Transcribe the listing exactly, skipping every picture.

───── DATA

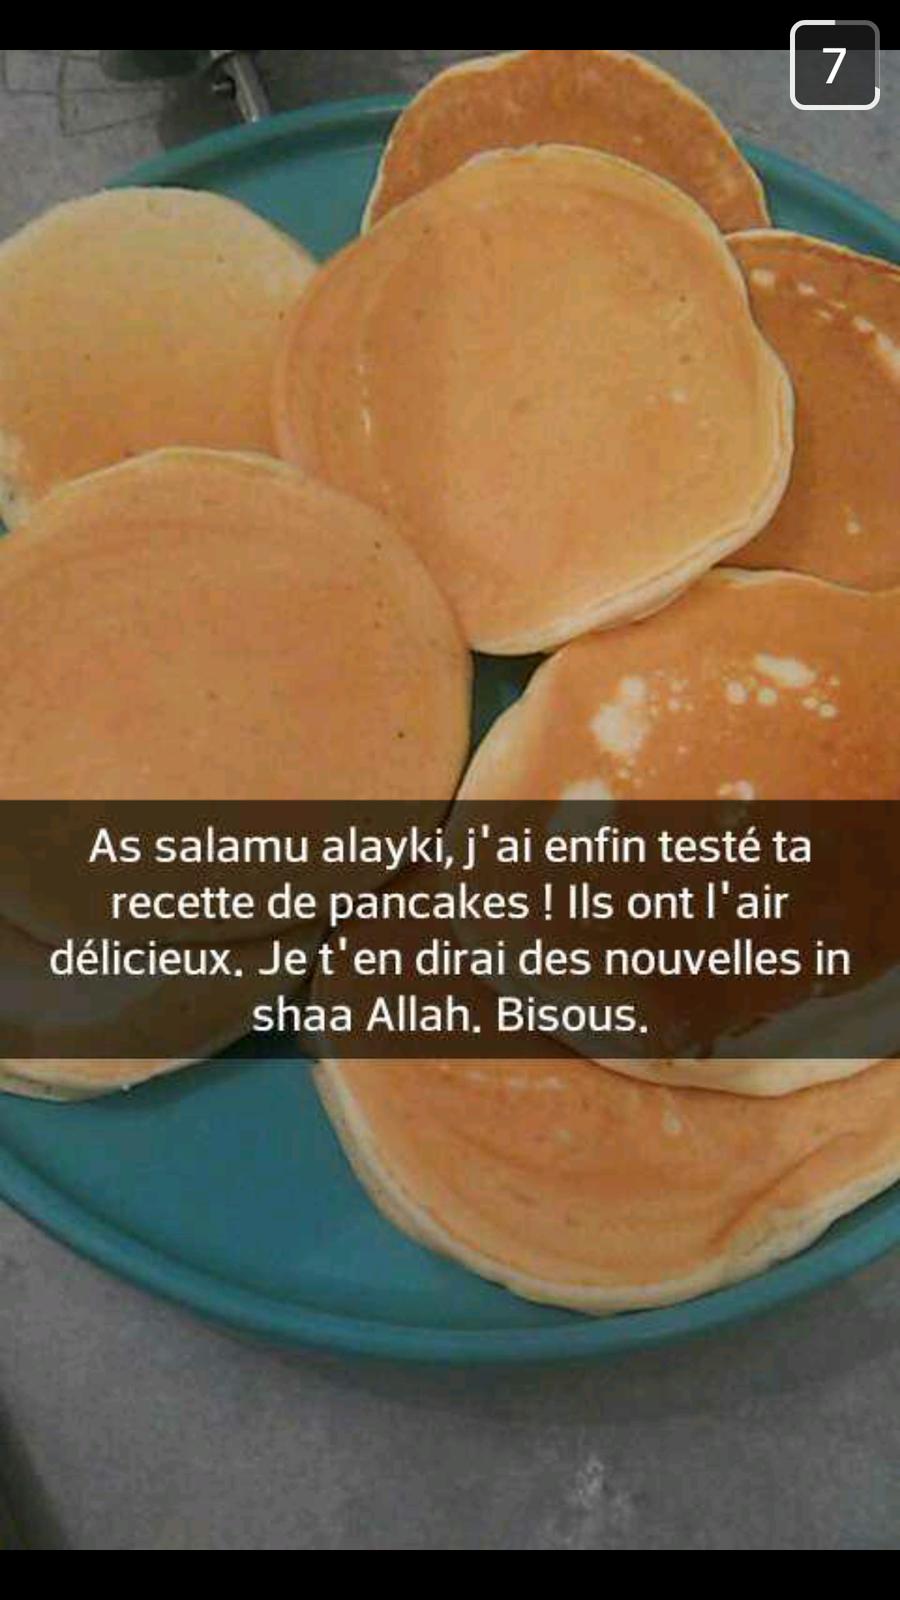 http://www.lesdelicesdekenza.com/2017/03/pancake-americain.html
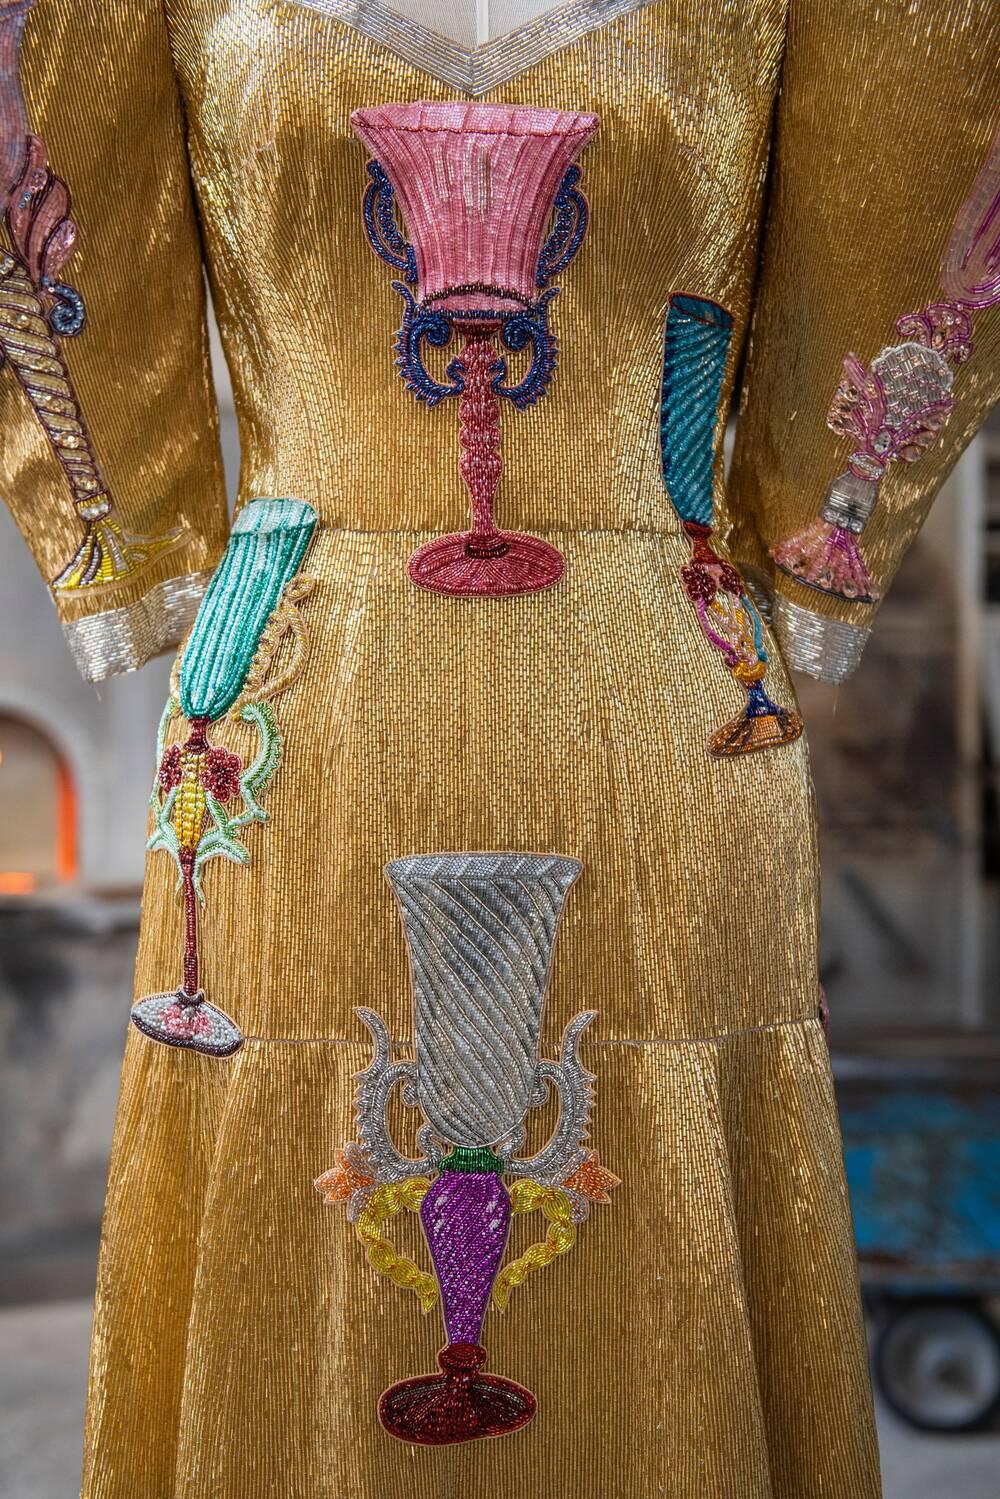 Thiết kế váy sequin Dolce & gabbana
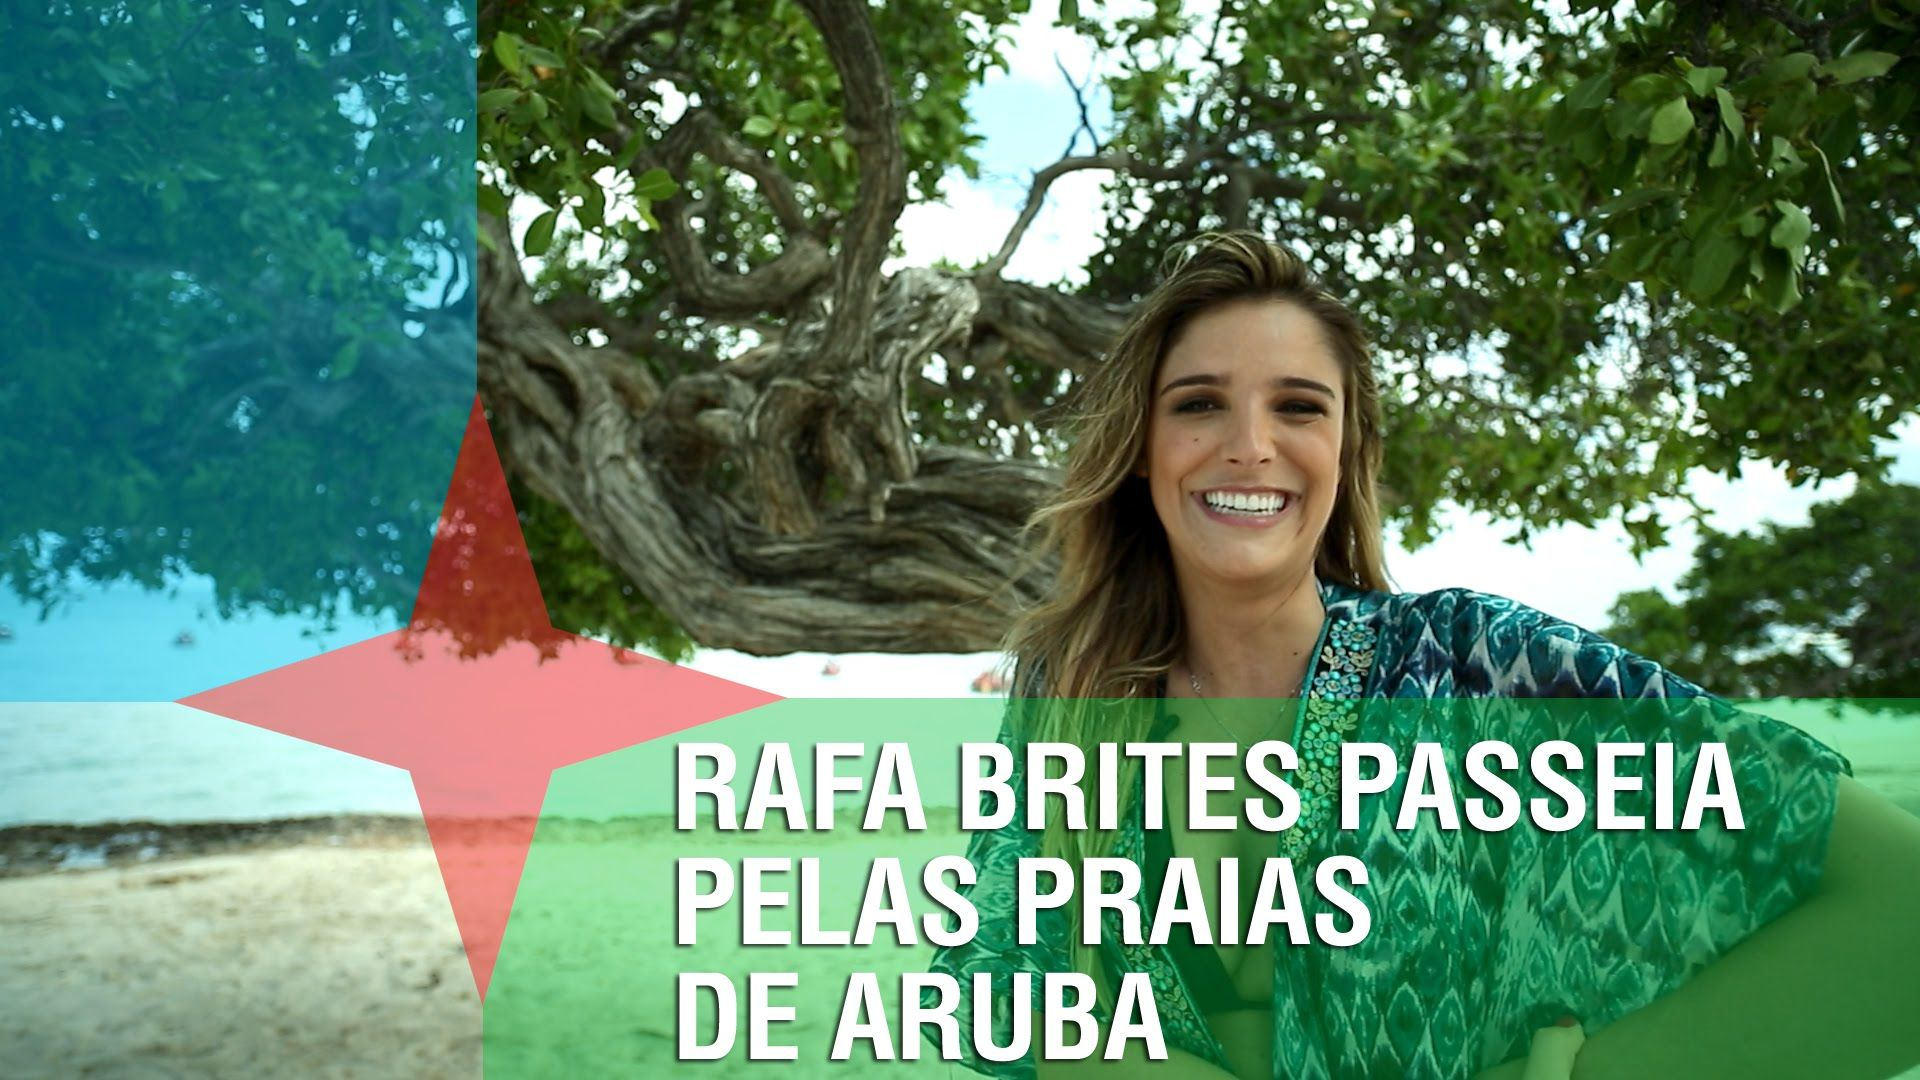 RAFA BRITES PASSEIA PELAS PRAIAS DE ARUBA

──────────

#### COMPLETED EXERCISE:
 http://www.lesdelicesdekenza.com/2017/03/pancake-americain.html
 Thiết kế váy sequin Dolce & gabbana
 RAFA BRITES PASSEIA PELAS PRAIAS DE ARUBA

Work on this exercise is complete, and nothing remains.